Epigenetics of schizophrenia

The epigenetics of schizophrenia is the study of how the inherited epigenetic changes is regulated and modified by the environment and external factors, and how these changes shape and influence the onset and development of, and vulnerability to, schizophrenia. Epigenetics also studies how these genetic modifications can be passed on to future generations. Schizophrenia is a debilitating and often misunderstood disorder that affects up to 1% of the world's population.[1] While schizophrenia is a well-studied disorder, epigenetics offers a new avenue for research, understanding, and treatment.

Background

History

Historically, schizophrenia has been studied and examined through different paradigms, or schools of thought. In the late 1870s, Emil Kraepelin started the idea of studying it as an illness. Another paradigm, introduced by Zubin and Spring in 1977, was the stress-vulnerability model where the individual has unique characteristics that give him or her strengths or vulnerabilities to deal with stress, a predisposition for schizophrenia. More recently, with the decoding of the human genome, there had been a focus on identifying specific genes to study the disease. However, the genetics paradigm faced problems with inconsistent, inconclusive, and variable results. The most recent school of thought is studying schizophrenia through epigenetics.[2]

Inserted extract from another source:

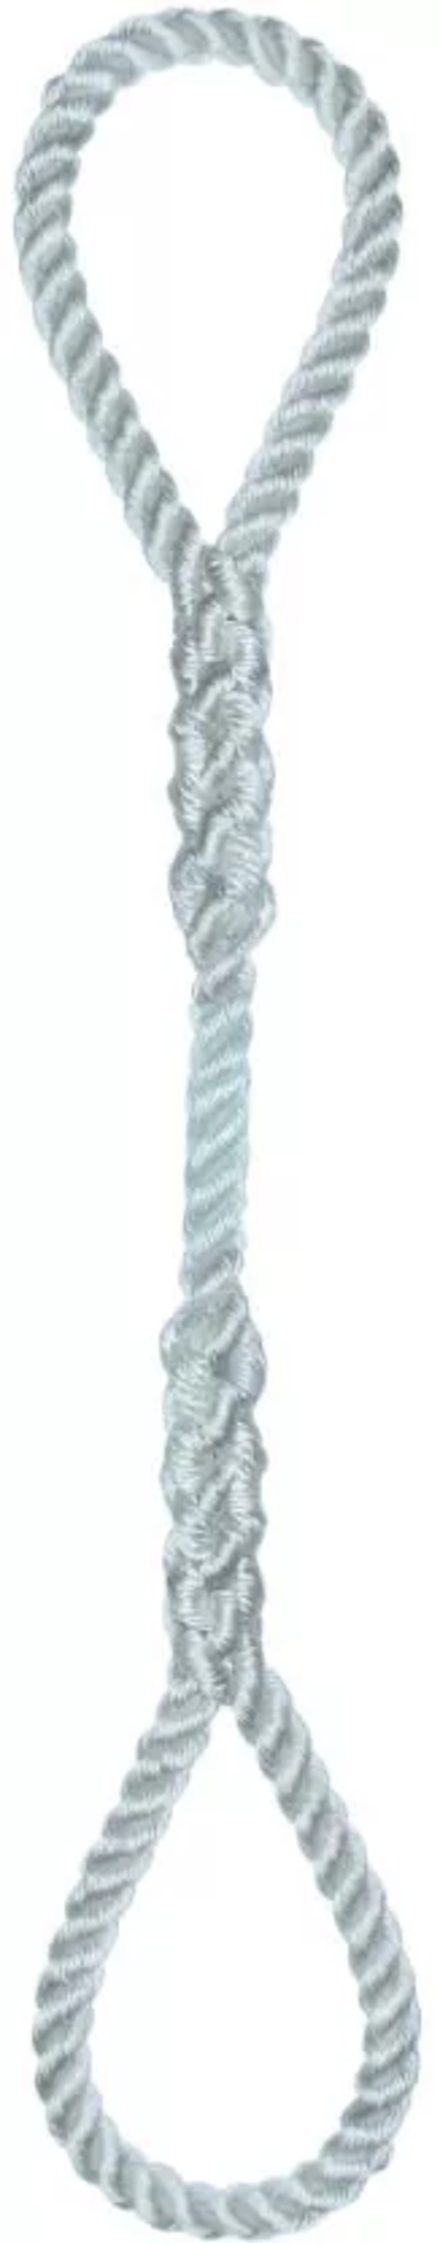 Élingue corde d.6 mm cmu 56 kg 2 grandes boucles long 1 m LEVAC - 4404D

A visualization of the stress-vulnerability model, also known as the Diathesis-Stress Model

The idea of epigenetics has been described as far back as 1942, when Conrad Waddington described it as how the environment regulated genetics. As the field and available technology has progressed, the term has come to also refer to the molecular mechanisms of regulation. The concept that these epigenetic changes can be passed on to future generations has progressively become more accepted.[3]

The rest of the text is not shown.